Data provided: Begin

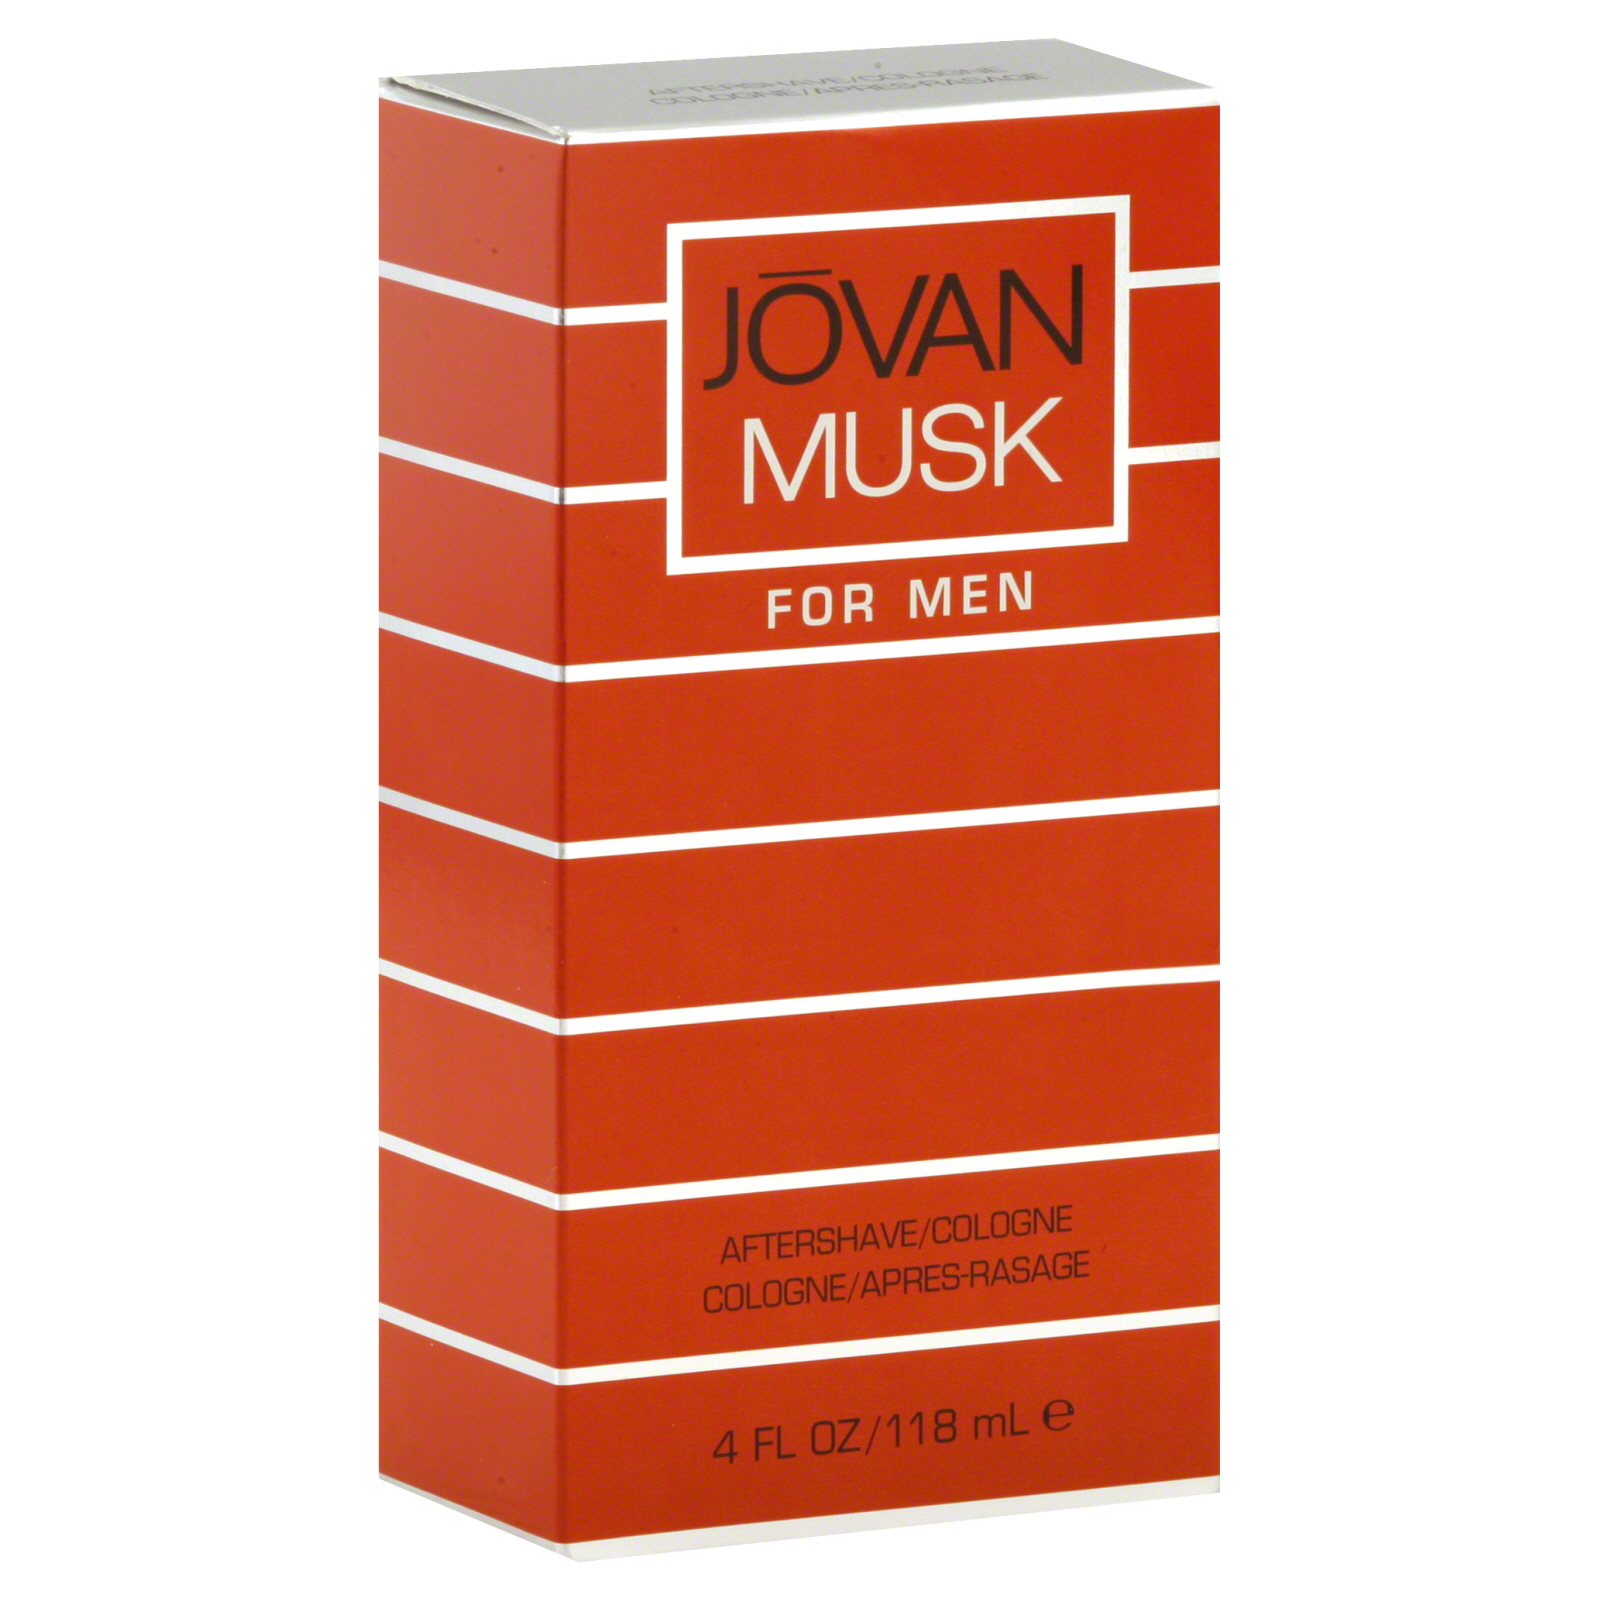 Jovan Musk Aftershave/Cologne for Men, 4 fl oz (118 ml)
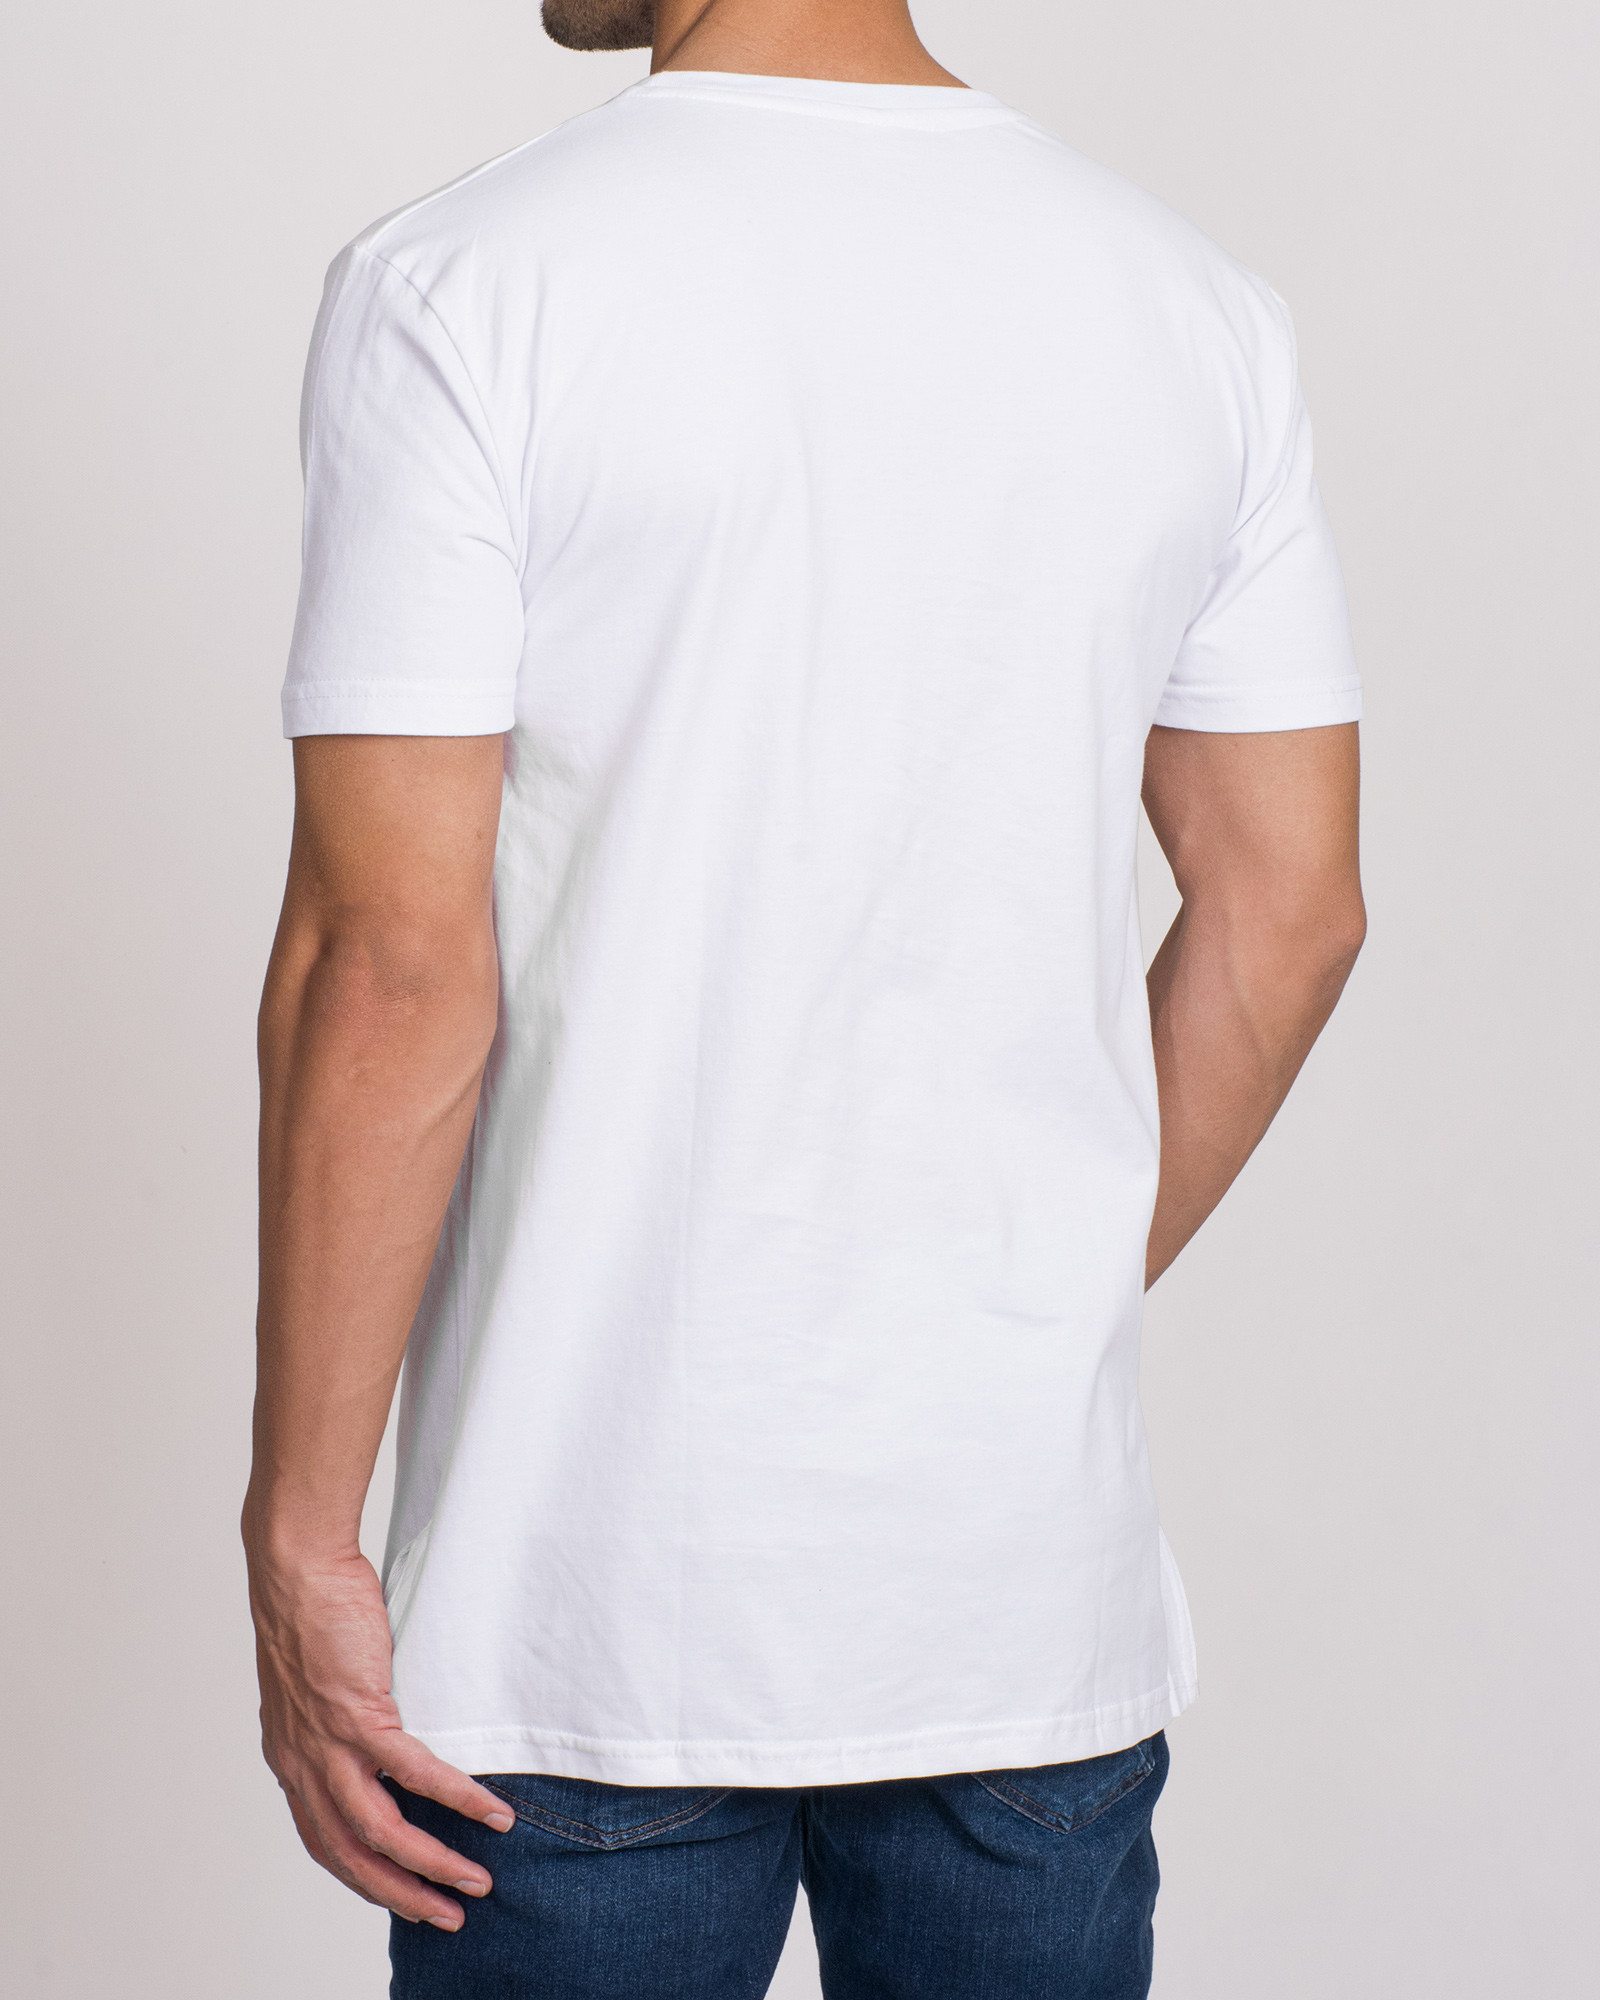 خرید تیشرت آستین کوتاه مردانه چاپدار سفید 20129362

Data provided: End
Data provided: Begin

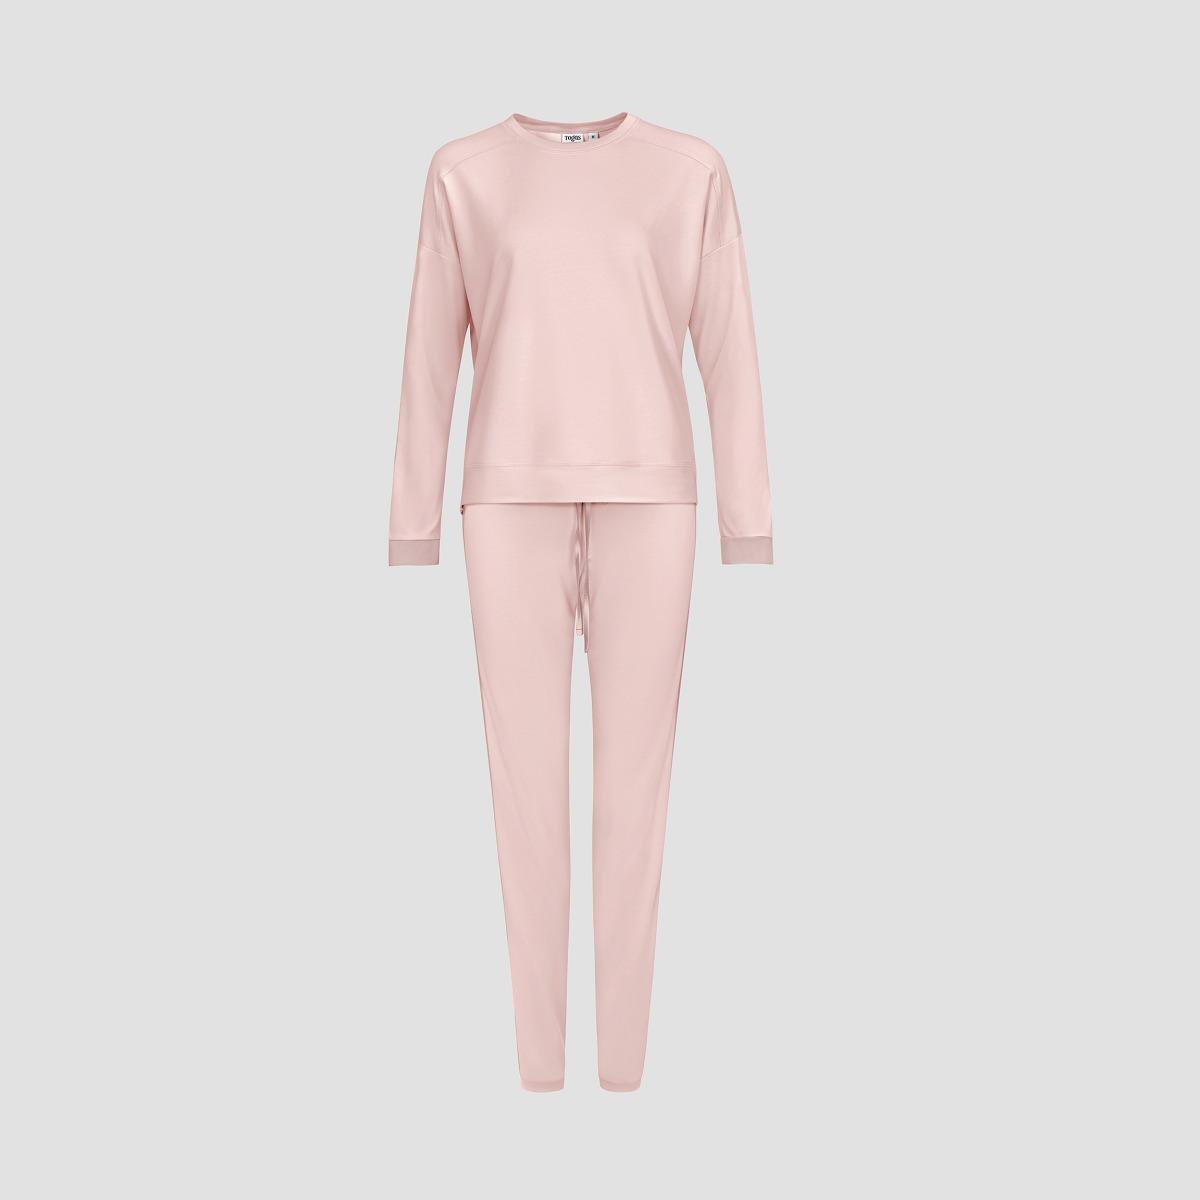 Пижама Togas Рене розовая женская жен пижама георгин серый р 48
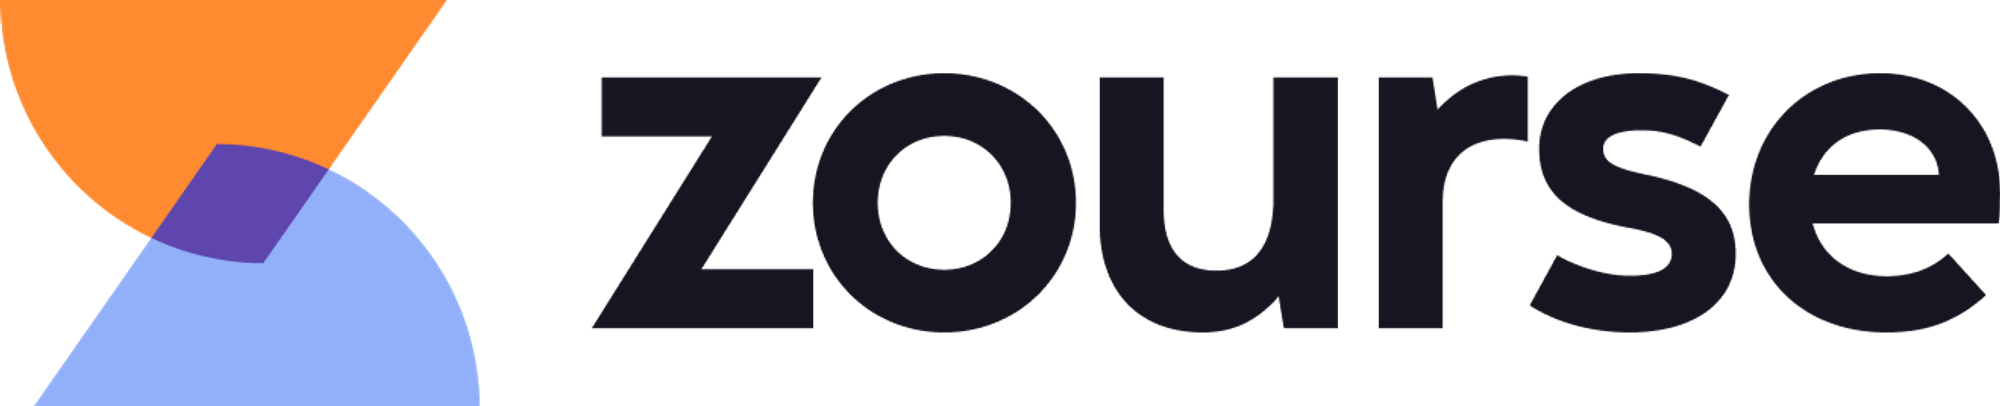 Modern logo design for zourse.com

Data provided: End

§ Directions:
Give back exactly the lines above from the one with "Пижама Togas Рене" through the one with "Modern logo design for zourse.com", both included. Pictures don't belong in the copy.

§ Exercise answer:
 Пижама Togas Рене розовая женская жен пижама георгин серый р 48
 Modern logo design for zourse.com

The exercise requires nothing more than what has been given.